I would say that that most Americans and Canadians are really not all that smart about their electoral systems and legislative processes. I could give you all sorts of anecdotes about the poor understanding of civics in North American — and lack of desire to learn more.
Europeans might be a little better, but I would say that we should emphasize the “little” in that description. Western democracy is actually a very complex social engineering tool that cannot be adequately explained in a few paragraphs. But it is an interesting societal relationship between the people and their government and it’s often amazing at how it works.
The TDG is also complicated. I condensed a 56,000 word book into a 4,500 word essay. That essay is just too short to describe all the relationships between the various parts of the TDG. At times, I feel that is all that you have read about my idea.
The comparison between the TDG and the Catholic Church is totally off base. The church is a top-down organization with appointments of lower levels made by higher levels. This structure was quite similar to how the Roman Empire was structured in 325 AD. And the Church has been using it ever since. The average Catholic has very little say in its leaders or their decisions.
In contrast, the highest TDG tier gets its authority from the tier below it.

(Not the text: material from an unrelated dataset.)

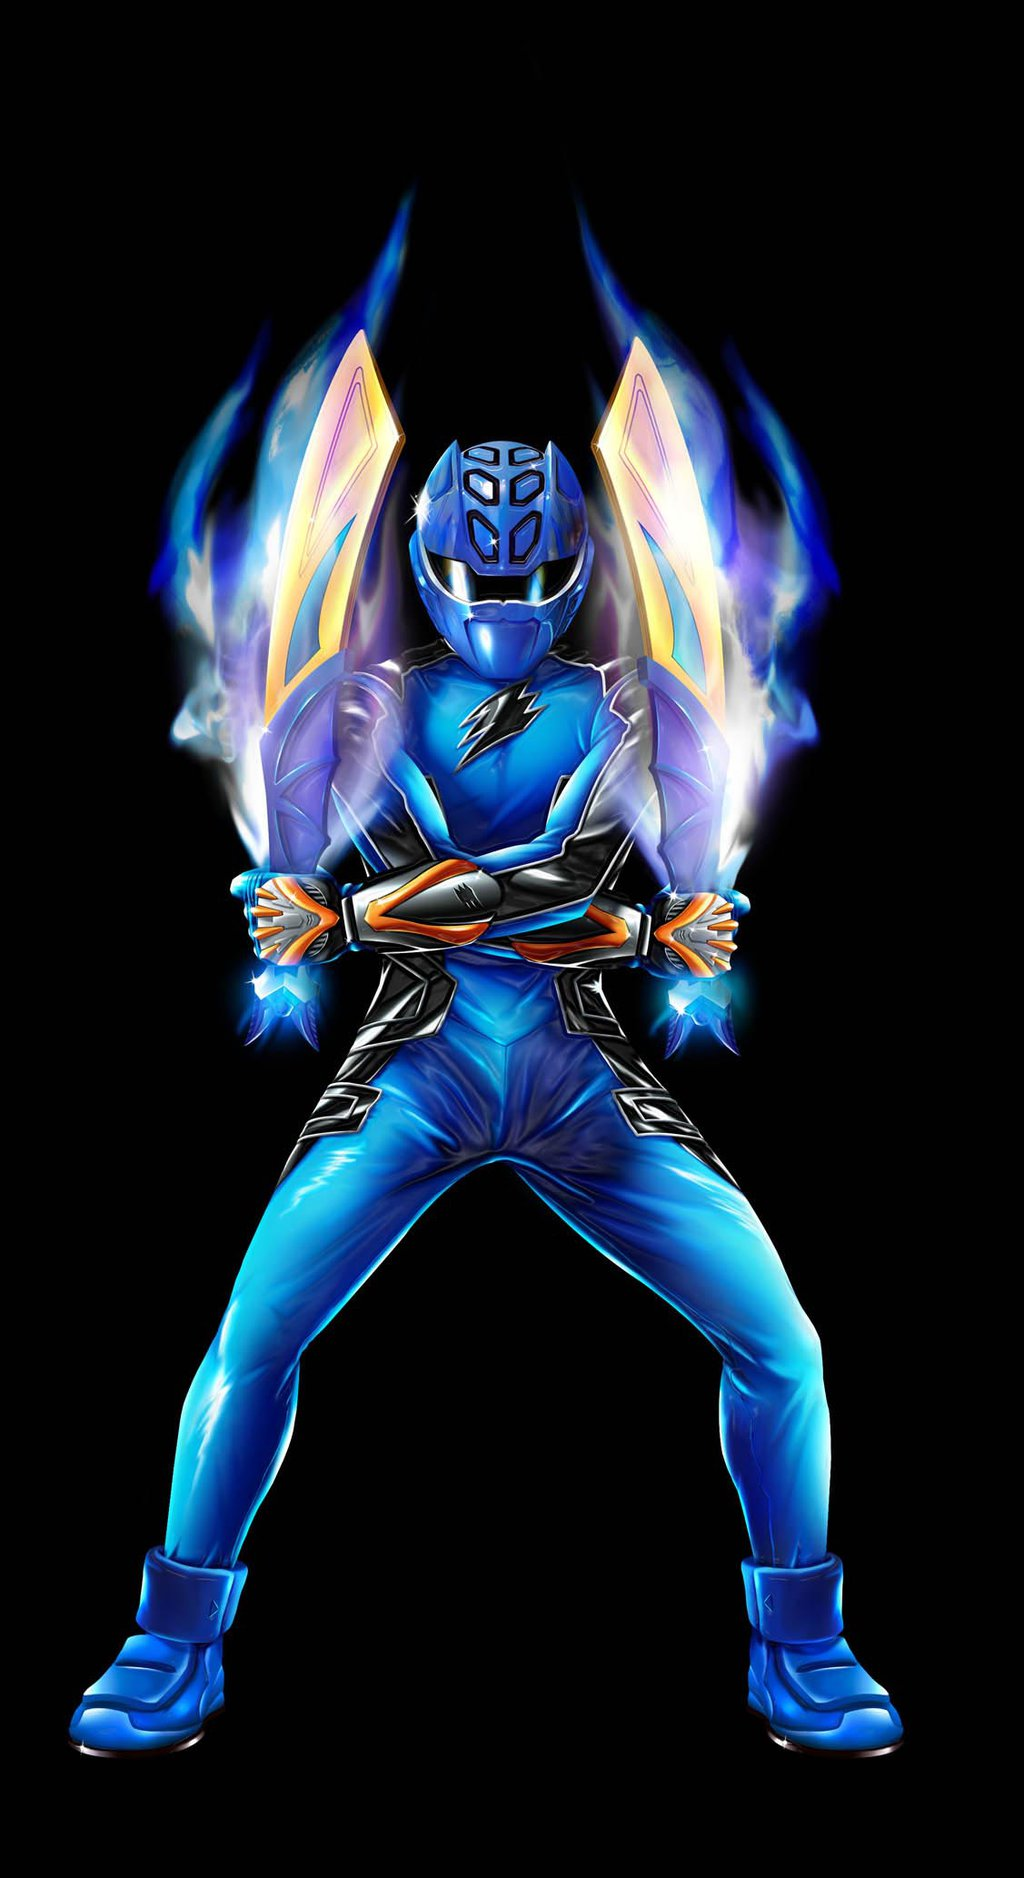 1024x1878px Power Rangers Jungle Fury Wallpaper 1024x1878

If a member of a higher tier is not doing a good job, the annual elections won’t keep that person in a high place for very long.

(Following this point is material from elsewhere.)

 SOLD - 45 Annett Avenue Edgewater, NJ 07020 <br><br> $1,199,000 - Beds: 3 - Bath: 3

Two totally different systems!
— — —
If Canada ever decides to changes its Westminster system to PR, that will be a fairly seamless transition. I’m pretty sure most Canadians will find it easy to pick their favorite party and cast a vote for it. One election cycle will clear up most misunderstandings. And I predict that the current parties will split into two wings each. I think voters can handle selecting one out of six or eight.

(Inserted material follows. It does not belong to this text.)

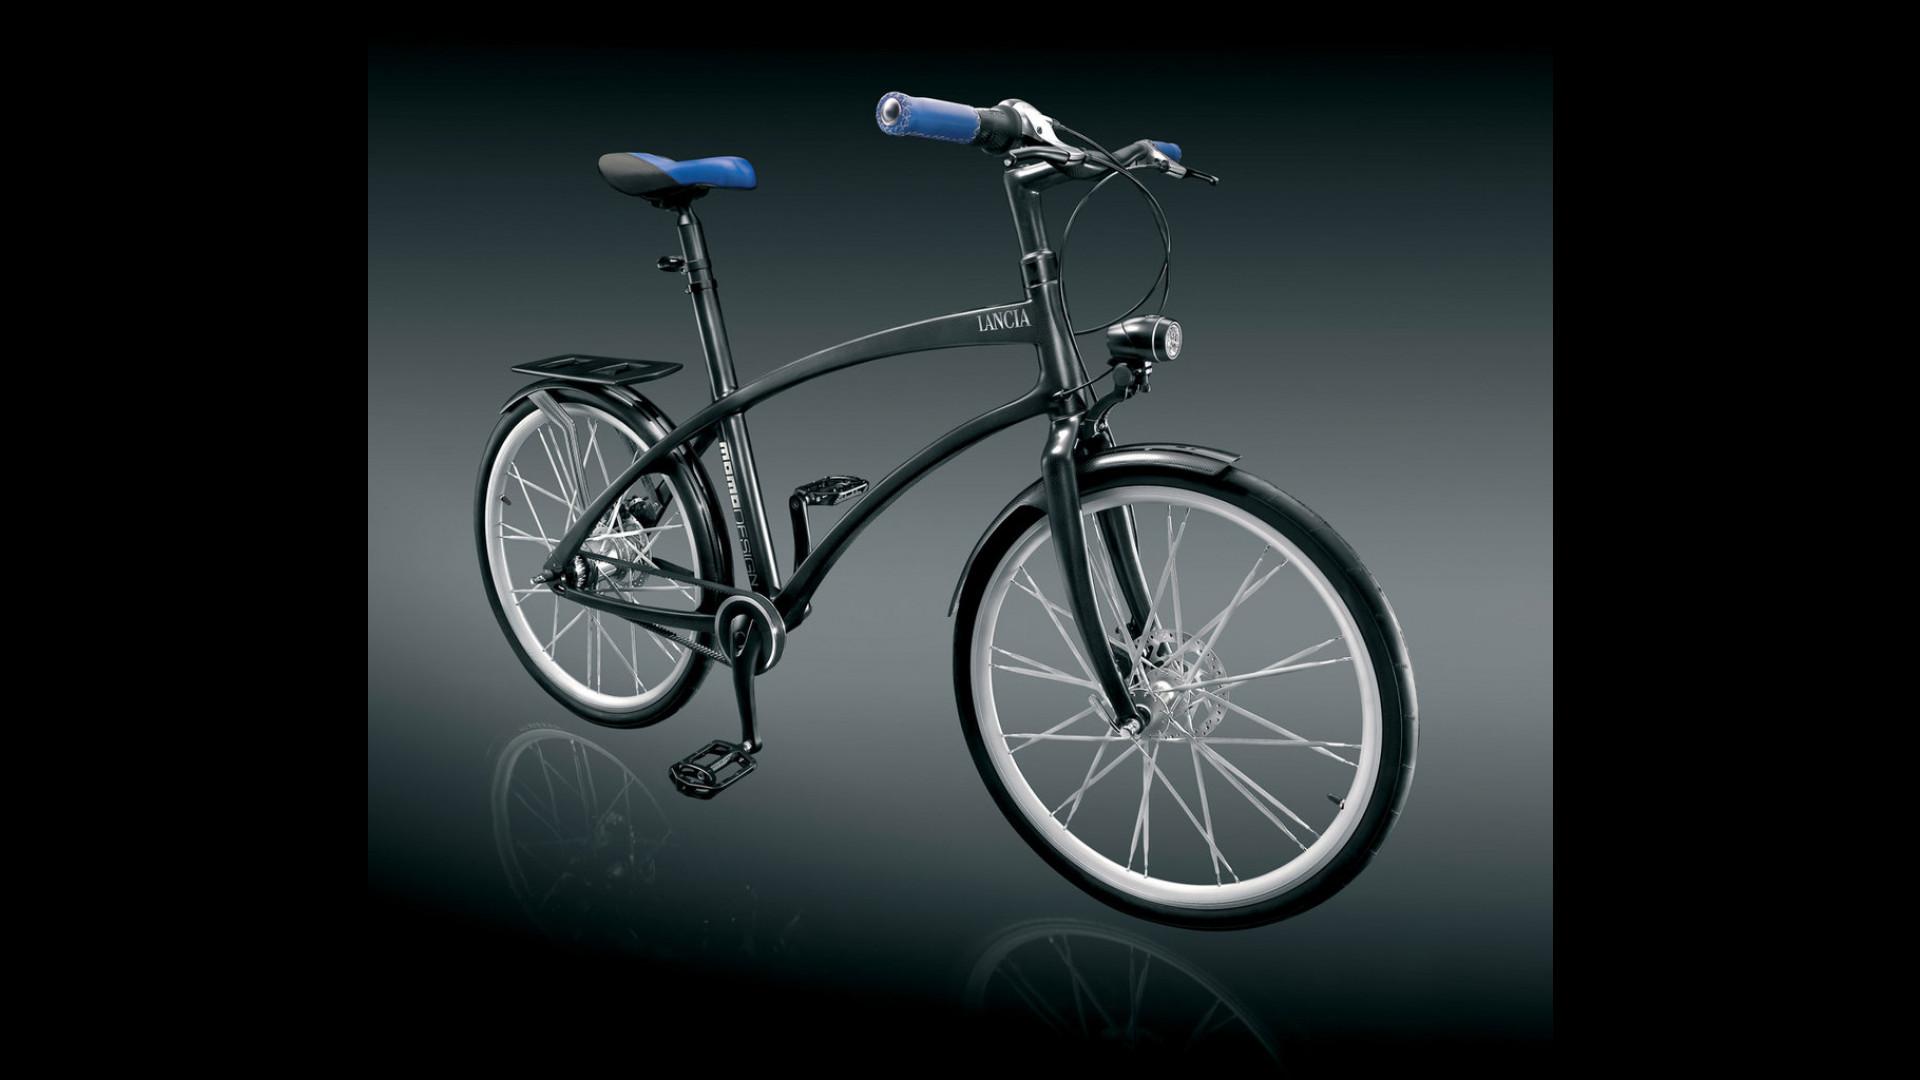 Lancia E Momodesign Presentano La Urban Bike

But moving from western democracy to a TDG will be an immense step. So immense that if Canada adopted a TDG tomorrow, the TDG would fall apart fairly quickly. I have never tried to whitewash the TDG: if we don’t first learn a different way of governing, the TDG cannot work.
And this is why it will take a 10 to 20-year process to learn this way of governing. The early builders either have to have these skills in place or be willing to learn them. One of those skills is to cast aside the attitude that “I’m much smarter than those people who disagree with me.” This is an immense social disease we have in much of the world.
Another is consultation. Consultation is combing the knowledge, experience, and wisdom into one decisive and unified voice.
PR is great at compromising, finding some midpoint between two position. But the motivation is all wrong. This compromise is happening mostly to share power. And the compromising players still have to sell their compromises to their electoral base. This sell job limits how much they truly can compromise. But compromising is not consultation.
And if PR citizens are voting “with their wallet” and not the betterment of society, that is also something wrong.
The early TDG builders will work on building their consultative skills. If they don’t — and the TDG just becomes another internal struggle for who controls this “new way”, the TDG will fall flat on its face. It will never need an outside opposition to cause it to fail.
The few people who have inspected the TDG have stated that it’s not in human nature for humans to organize in this way. Well, it’s also not in human nature to be organized in a western democratic way either. We had to learn those skills, starting with the English in 1688. Otherwise most of us would still be taking orders from aristocrats. Oligarchy is the natural way for humans to be governed.
So we will learn new skills for the TDG. I’ve never said it would be easy or quick. I’ve always said this movement will start with 1% of the population — and will later earn the trust and respect of a substantial majority before it assumes responsibility and authority of governance.